Professor Alan E. Steinweis specializes in the history of Nazi Germany and the Holocaust. A native of Brooklyn, NY, he received his PhD from the University of North Carolina at Chapel Hill, where he worked under the distinguished historian Gerhard L. Weinberg. He is the author of three books: Art, Ideology, and Economics in Nazi Germany: The Reich Chambers of Music, Theater, and the Visual Arts (University of North Carolina Press, 1993; paperback 1996); Studying the Jew: Scholarly Antisemitism in Nazi Germany (Harvard University Press, 2006; paperback 2008); and Kristallnacht 1938 (Harvard University Press, 2009). Studying the Jew was designated a Finalist for the National Jewish Book Award in the Holocaust category. He has edited or co-edited eight further volumes, most recently: Holocaust Memory in a Globalizing World (Wallstein, 2017); The Germans and the Holocaust: Popular Responses to the Persecution and Murder of the Jews (Berghahn, 2016); Holocaust and Memory in Europe (German Yearbook for Contemporary History 2016); Exil und Shoah (Exilforschung 2016); Judenverfolgung in München (Münchner Beiträge zur jüdischen Geschichte und Kultur 2014); and The Law in Nazi Germany and the Holocaust (Berghahn, 2013). He is the series editor of the American edition of the Comprehensive History of the Holocaust, a monograph series sponsored by Yad Vashem, the Holocaust research and commemoration authority of the state of Israel, and published by the University of Nebraska Press. He is also a member of the International Advisory Board for The Persecution and Murder of the Jews of Europe, the English-language edition of a multi-volume document collection published by a consortium of German institutions.

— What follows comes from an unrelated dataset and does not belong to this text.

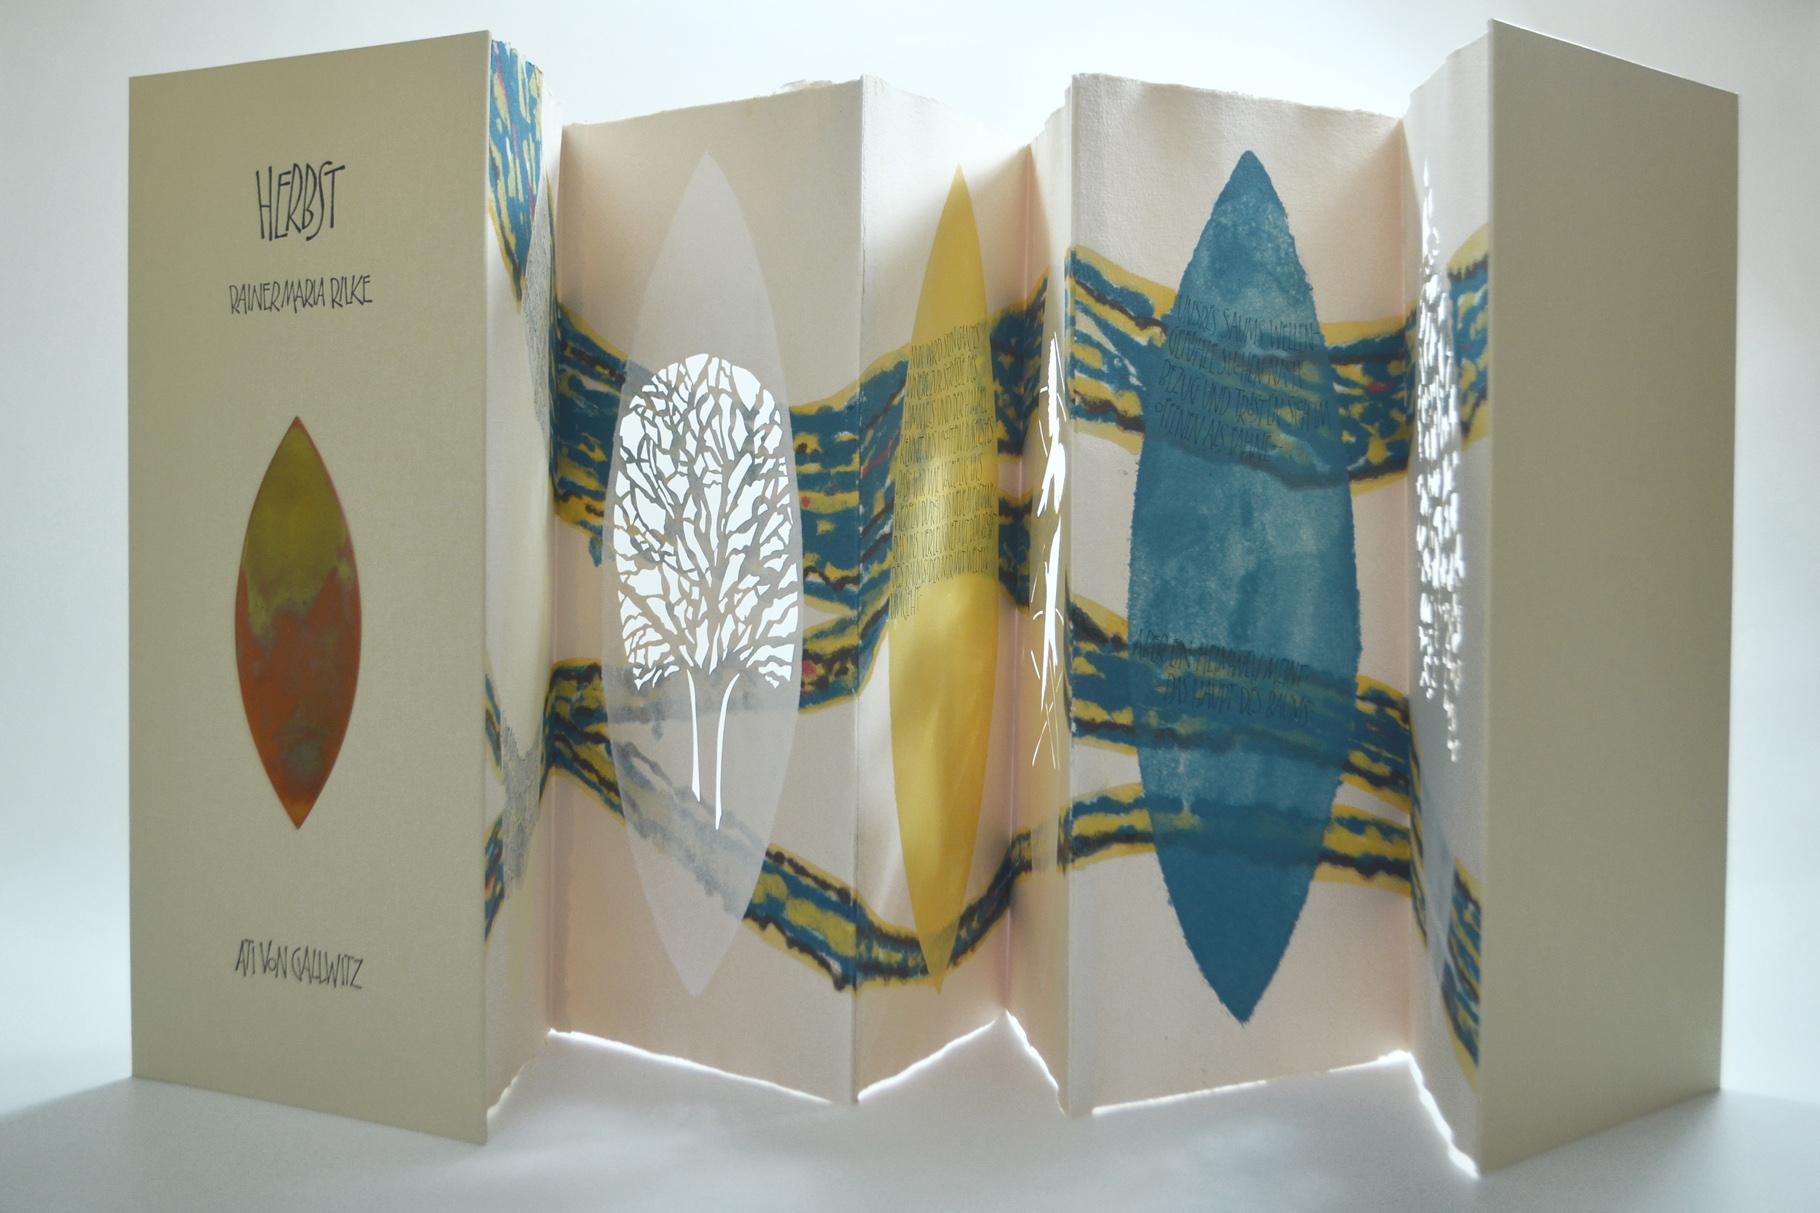 """""""Herbst"""" (2008) - Ein Künstlerbuch, gestaltet von Ati von Gallwitz und hergestellt in Zusammenarbeit mit John Gerard mit einem Gedicht von Rainer Maria Rilke"""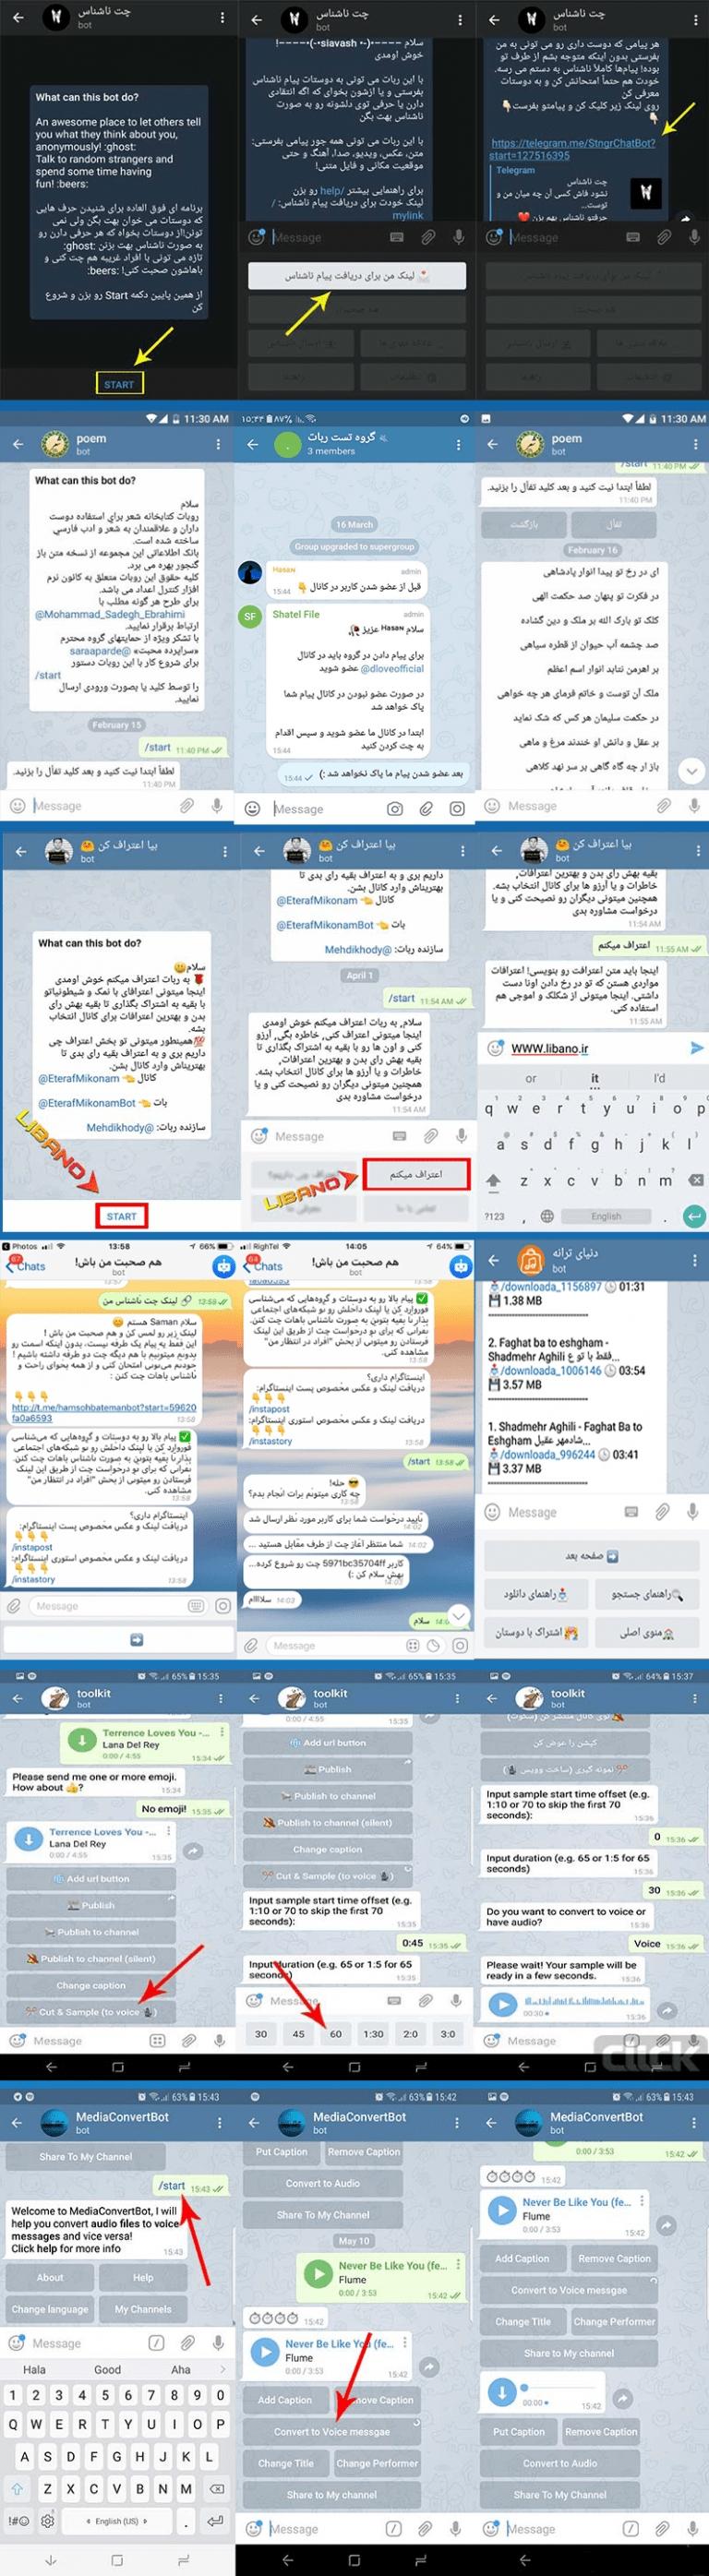 سورس ربات های کاربردی تلگرام

Professor Steinweis has received fellowships from the Social Science Research Council, the German Academic Exchange Service, the Fulbright Commission, and the Skirball Foundation. He has held visiting positions at the Universities of Hannover, Heidelberg, Frankfurt, Munich, and Beersheba, and has been a visiting fellow at the Free University of Berlin and at the Oxford Center for Hebrew and Jewish Studies. He is a member of the Academic Advisory Board of the Institute for Contemporary History, Munich-Berlin. In 2018 he was the Levine Senior Invitational Scholar at the U.S. Holocaust Memorial Museum in Washington, DC.
In addition to his appointment in the Department of History, Professor Steinweis is a member of the faculty of the Center for Holocaust Studies at UVM.